Given information:
───

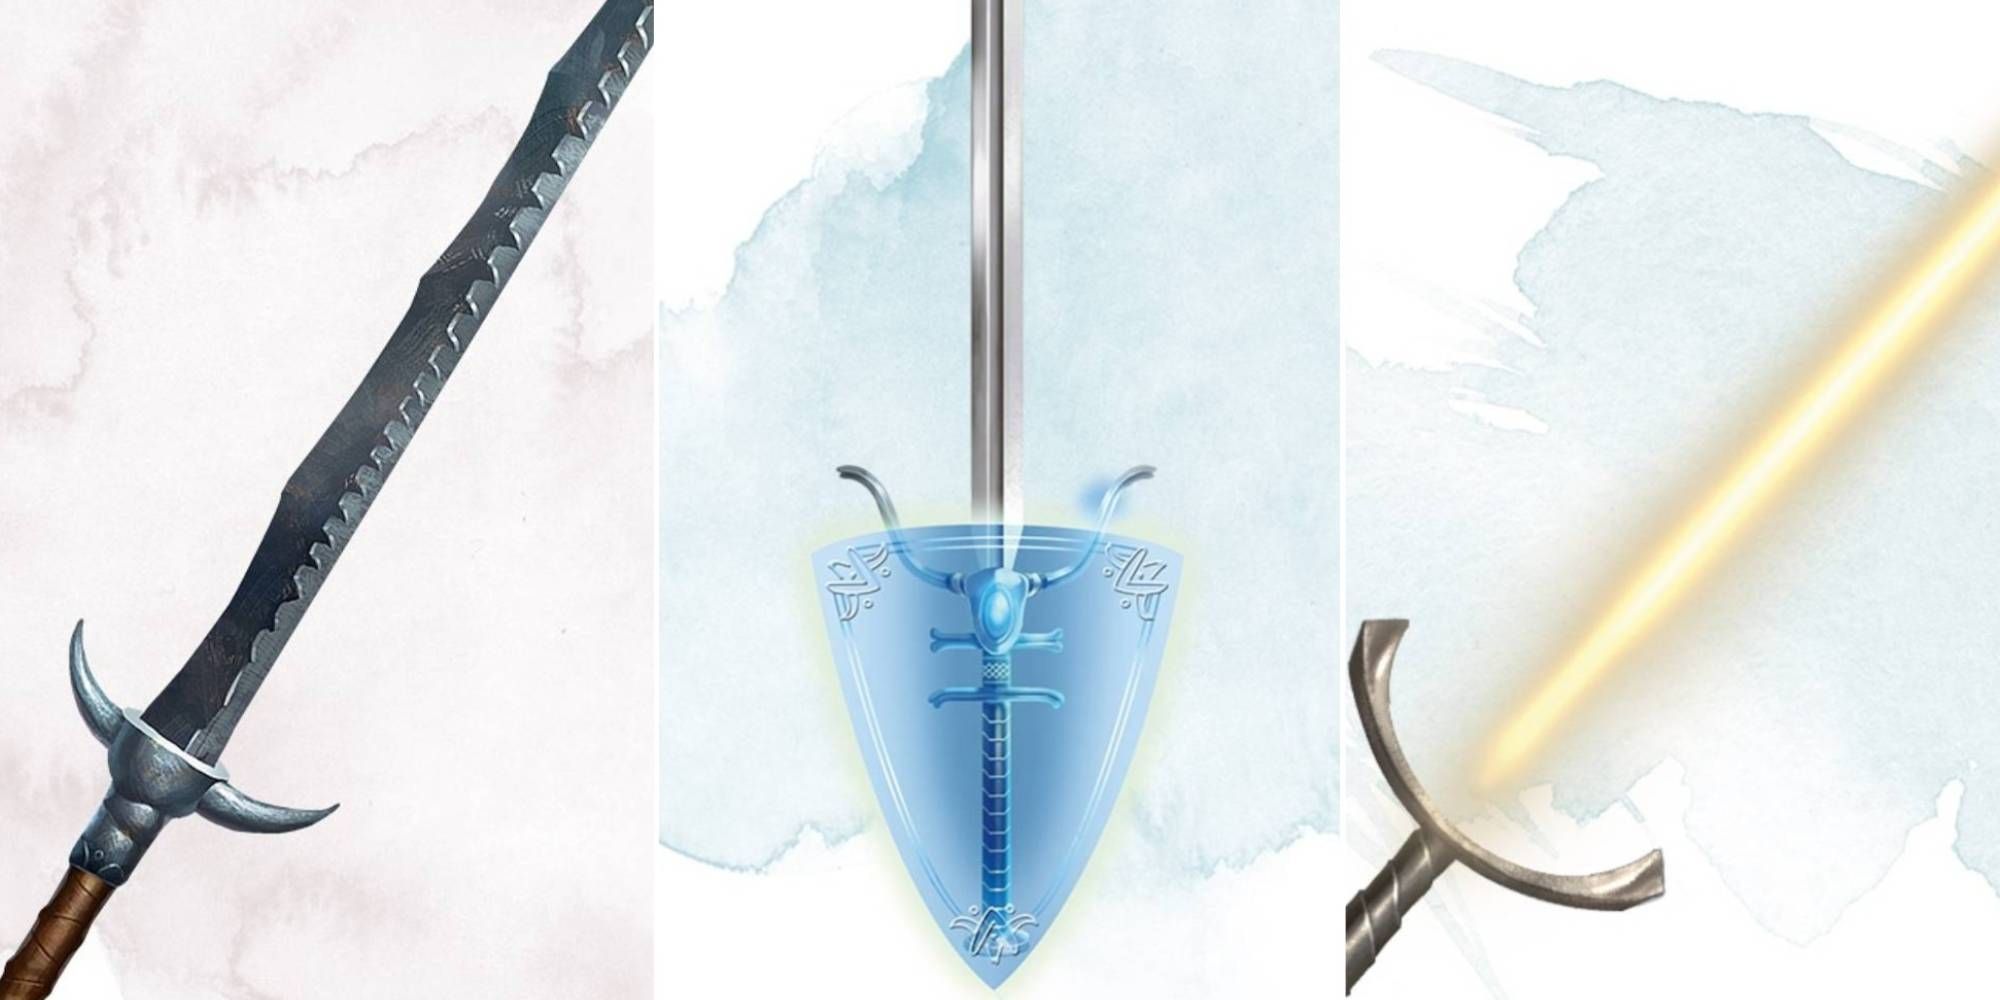 Un collage di immagini che mostrano una spada oscura, una spada con uno scudo illusorio sull'elsa e una lama luminosa.
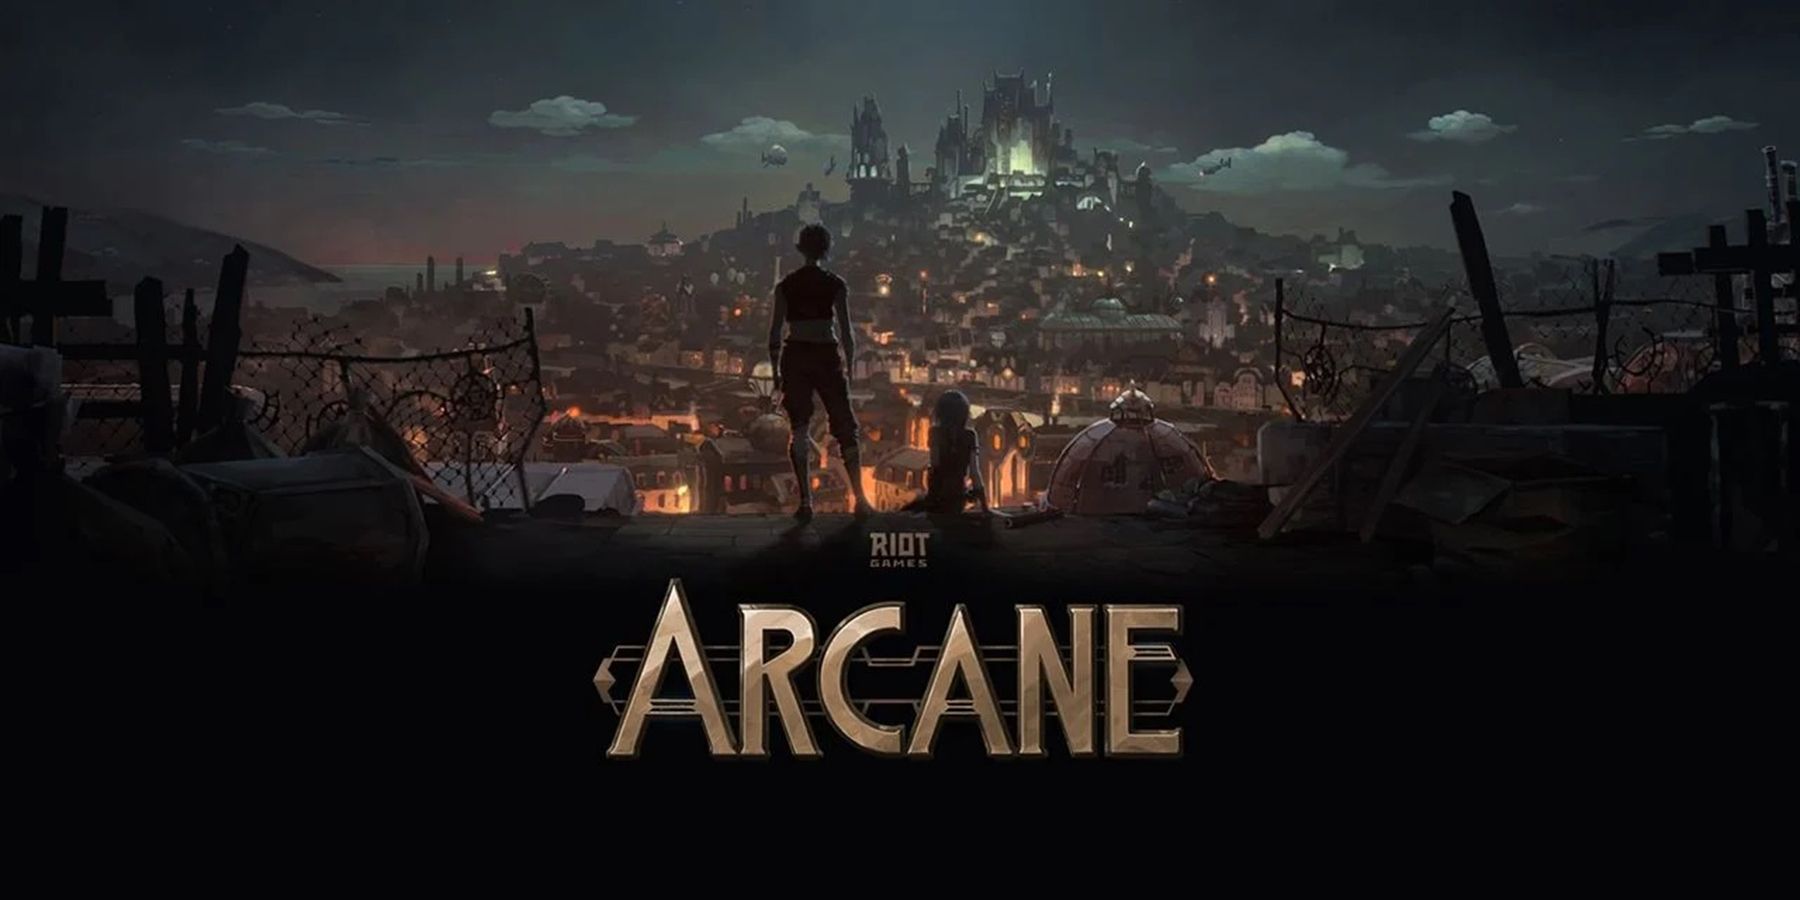 Arcane Trailer menawarkan Glimpse di Siri Legends Netflix’s League
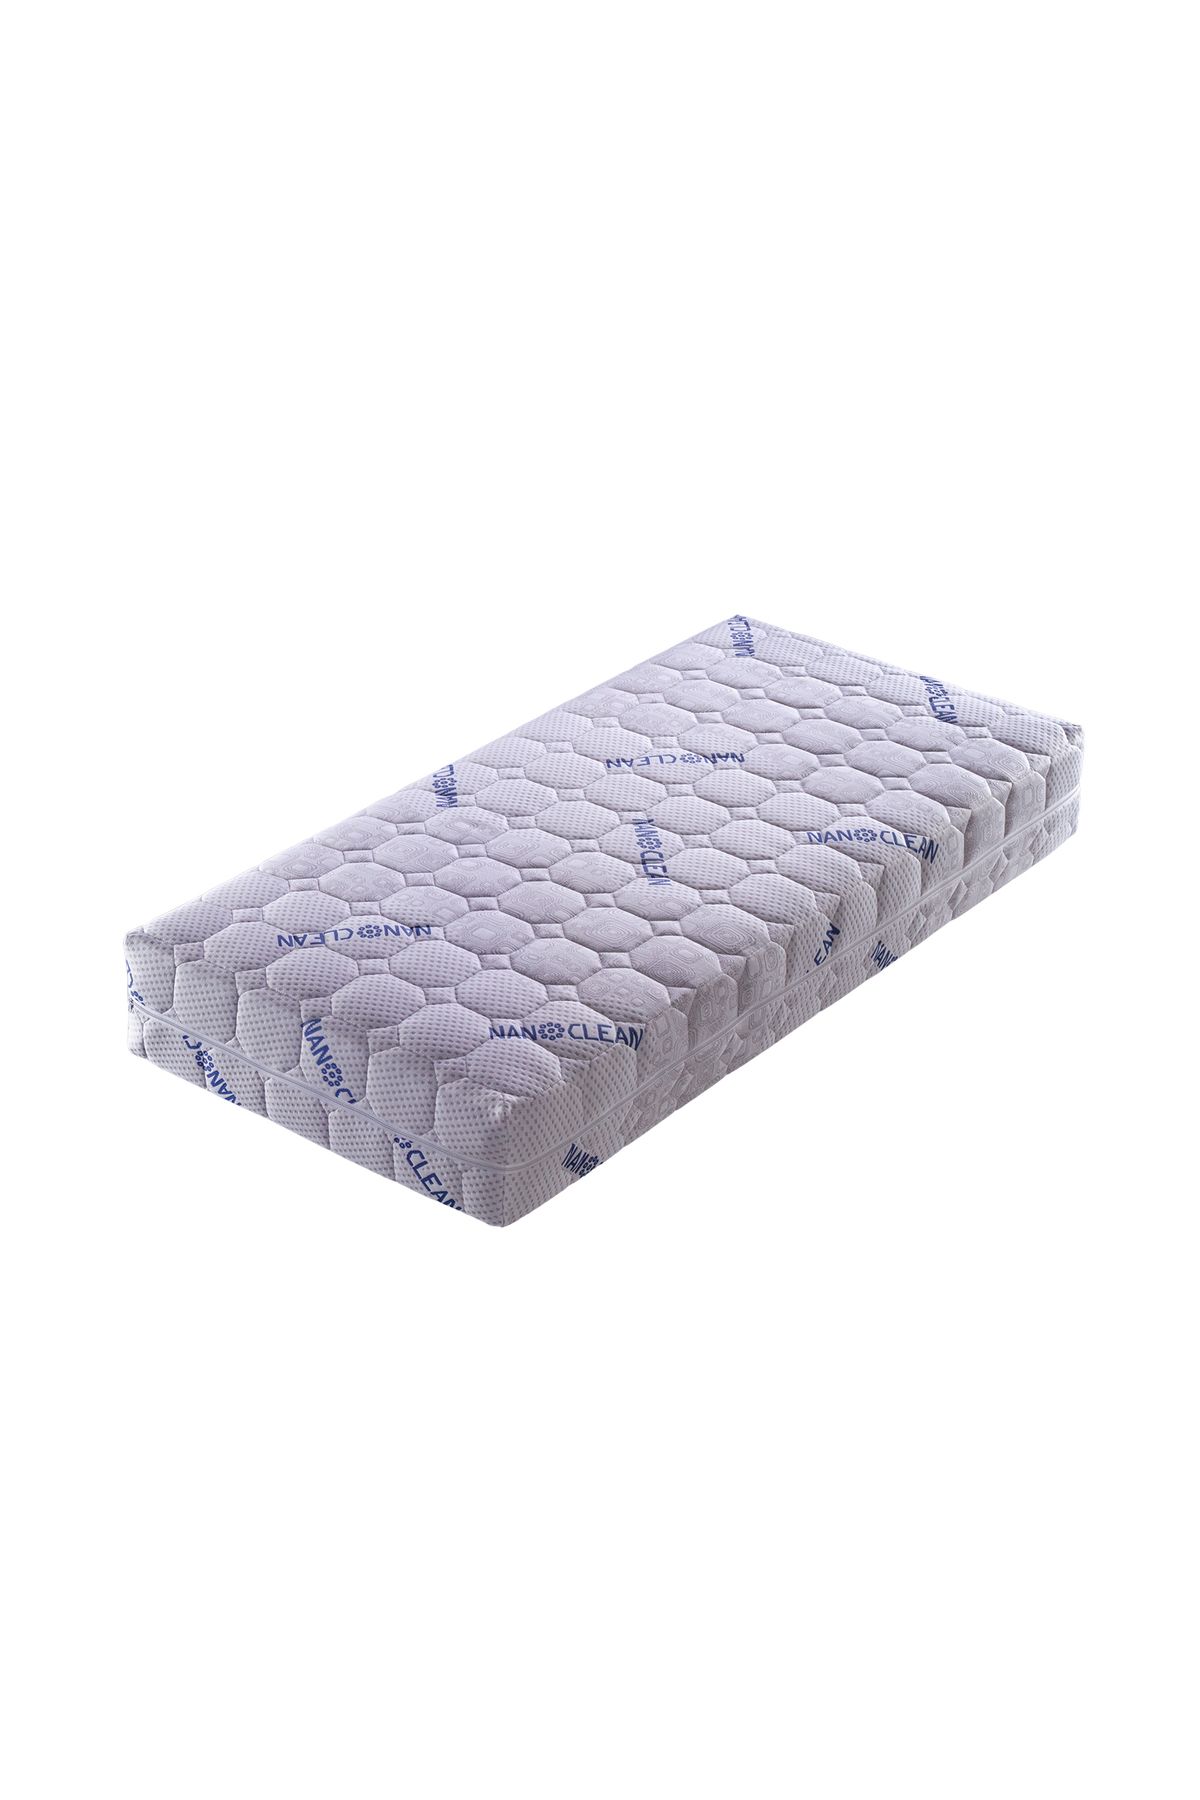 Artex Nano Bebek Yatağı 60x120 Kılıflı 12cm Sünger Yatak Park Yatak Oyun Parkı

───

What needs to be done: Omit all images when repeating the data above exactly.

Response:
 Un collage di immagini che mostrano una spada oscura, una spada con uno scudo illusorio sull'elsa e una lama luminosa.
 Arcane Trailer menawarkan Glimpse di Siri Legends Netflix’s League
 Artex Nano Bebek Yatağı 60x120 Kılıflı 12cm Sünger Yatak Park Yatak Oyun Parkı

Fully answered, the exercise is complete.